Den Kern von Googles lernendem Computerprogramm bildet ein sogenanntes künstliches neuronales Netz (KNN): KNN sind stark vereinfachte Modelle vernetzter Gehirnzellen. Diese sind über künstliche Synapsen verbunden und antworten mit spezifischen Output-Daten auf den jeweils vorliegenden Input. Von einem Punktemuster kann ein KNN beispielsweise auf den zugehörigen Buchstaben schließen – und das entsprechende Signal ausgeben.

Auch wenn ein KNN die tatsächlichen Vorgänge im Gehirn nur ansatzweise abbildet, so ist es prinzipiell lernfähig. Man kann es trainieren, indem man ihm Daten eingibt und gleichzeitig das Ergebnis – also beispielsweise den gesuchten Buchstaben – vorgibt. Das System passt die Synapsen-Eigenschaften im neuronalen Netz so lange an, bis das Trainingsbild das richtige Resultat liefert. Einmal trainiert, ist ein KNN dann in der Lage, auch andere, den Trainingsdaten nur entfernt ähnliche Muster zu erkennen. Auf diese Weise kann man der Software sogar beibringen, Fotos und Videos zu durchkämmen, um etwa Gesichter aufzuspüren.

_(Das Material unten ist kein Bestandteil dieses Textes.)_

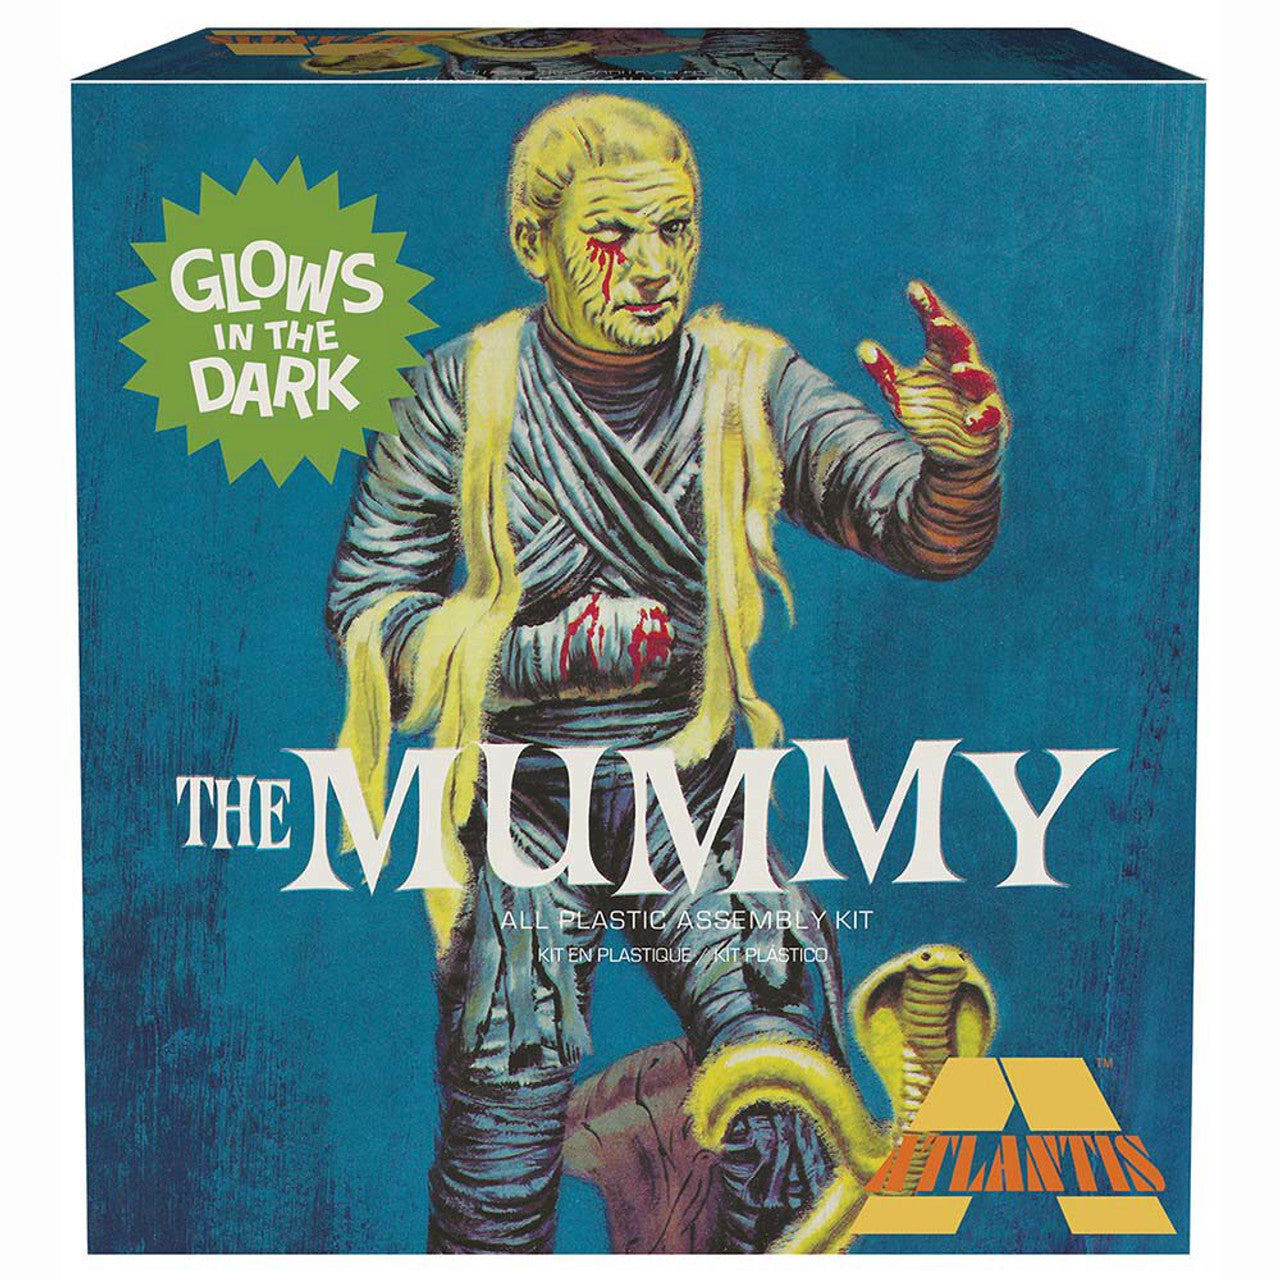 Atlantis Models A452 1:8 The Mummy Glow-in-the-Dark Plastic Figure Kit

Allerdings benötigten die KNN dafür Hilfe – Menschen müssen dem System vorgeben, nach welchen Merkmalen es suchen soll. Google-Wissenschaftlern war das nicht genug. Damit ihr Netzwerk selbstständig lernen kann, entwickelten sie ein Computerprogramm, das Signale ähnlich verarbeitet wie die menschliche Sehrinde im Gehirn. Die ist in der Lage, neuronale Aktivitätsmuster zu sich ähnelnden Bildern zuzuordnen – Informatiker nennen diesen Mechanismus "sparse encoding".